A few short weeks ago political strategists in both parties agreed that 2008 would be the quietest election Iowa had seen in years. Then the bottom fell out of the economy and the scope of Democratic Congressional pickup opportunities seemed to grow overnight.

Iowa’s 4th district is no exception as Democratic challenger Becky Greenwald has appeared to gain on Rep. Tom Latham (R) in the closing weeks of the campaign.

“I think people are so hungry for something different; they’re hungry for change — that was evident by our financial filings this quarter,” Greenwald spokeswoman Erin Seidler said. “We outraised a 14-year incumbent, and Becky is a relative unknown, first-time candidate.”

Federal Election Commission records show Greenwald raked in more than $308,000 in the third quarter, including $12,000 from her own pocket. Without that deposit, Latham would have claimed the fundraising lead as he raised more than $297,000 in the three-month period. And if you take away the financial support from employees of the Garst Seed Co., which is owned by Greenwald’s family, Latham spokesman James Carstensen argued it’s hard to see where there’s growing momentum behind her campaign.

“If you take a look at what she has put in and what the Garst family seed company has put in, it’s 33 percent of all the money she’s raised in the campaign,” Carstensen said. “There is no ground swell of support. It’s a campaign that has been paid for by her and her Garst family seed company connections. It looks like a ground swell. It’s just not there.”

Greenwald’s office counters this claim, contending family money accounts for only 1.8 percent of funds raised last quarter while 55 percent of Latham’s money came from political action committees, which are supported largely by donors who live outside the district.

“It is interesting for a 14-year incumbent who says they are confident in their re- election to pick apart their opponent’s financial filings,” Seidler said.“We must be doing something right.”

But for Greenwald to be successful against Latham, she has to tap into the independent vote. The victor will be decided by who can best appeal to voters in the middle — and Latham’s campaign is banking on their belief that a vote for Sen. Barack Obama (D-Ill.) for president will not necessarily translate into support downballot for Democratic contenders.
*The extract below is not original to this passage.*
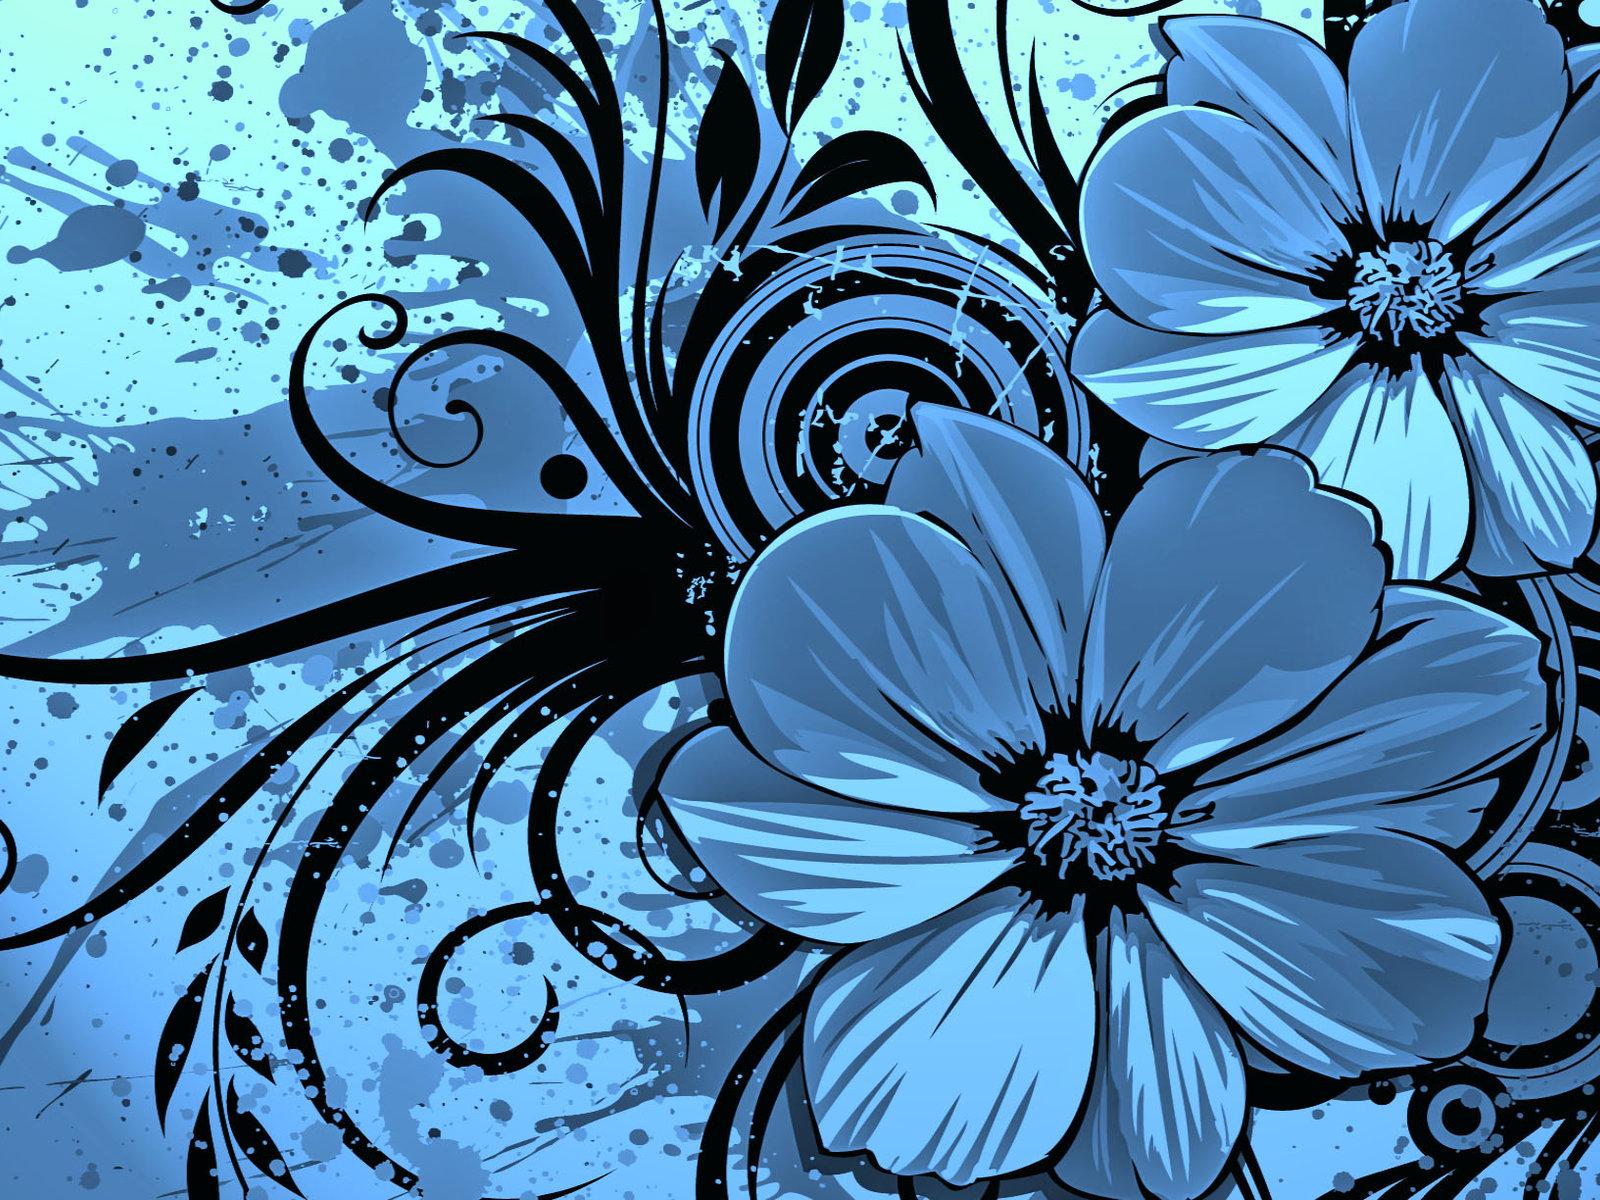 Dark Blue And White Flowers: 【壁紙】 美麗な おしゃれ壁紙 【1600x1200】 : 【壁紙】 オシャレな壁紙 【美しい壁紙】

“They [independents] are saying that they are going to vote for Obama, and the majority of them are still saying [they will vote for] Latham,” Carstensen said. “We’ve had Democrats call our office asking for yard signs, and they said they want to put a Latham sign right next to their Obama sign. We’ve had independents come off the street saying, ‘How do I volunteer?’”

Carstensen said Iowans have a history of looking past party label and not voting a straight ticket.

“It’s a tradition. They look at the person,” he said.

In the strong Democratic year of 1974, in the wake of Watergate, voters narrowly elected Republican Chuck Grassley to Congress. He was later elected to the Senate in the GOP presidential wave of 1980.

Latham has hardly faced a difficult re-election race in his 14 years in Congress. The one exception was 2002, after the last round of reapportionment and redistricting. When the lines were redrawn, Latham’s old 5th district was split between the new 4th and 5th districts. He chose to run in the 4th, where his home is located, instead of the 5th, which is decidedly more Republican.

In 2002, Latham faced a strong challenge from John Norris (D), former chief of staff to then-Gov. Tom Vilsack (D). It was an expensive contest, and in the end, Latham was re-elected by a comfortable margin of 55 percent to 43 percent in what turned out to be a strong year for the GOP nationwide.

In 2004, President Bush narrowly won the district with 51 percent, but with political winds now blowing in the opposite direction Obama is expected to easily win Iowa this year.

After Democrats picked up two seats in Iowa in the previous cycle, Latham and Rep. Steve King are the only two Republicans left in the Hawkeye State House delegation.

Seidler claims independents are taking a shine to her boss.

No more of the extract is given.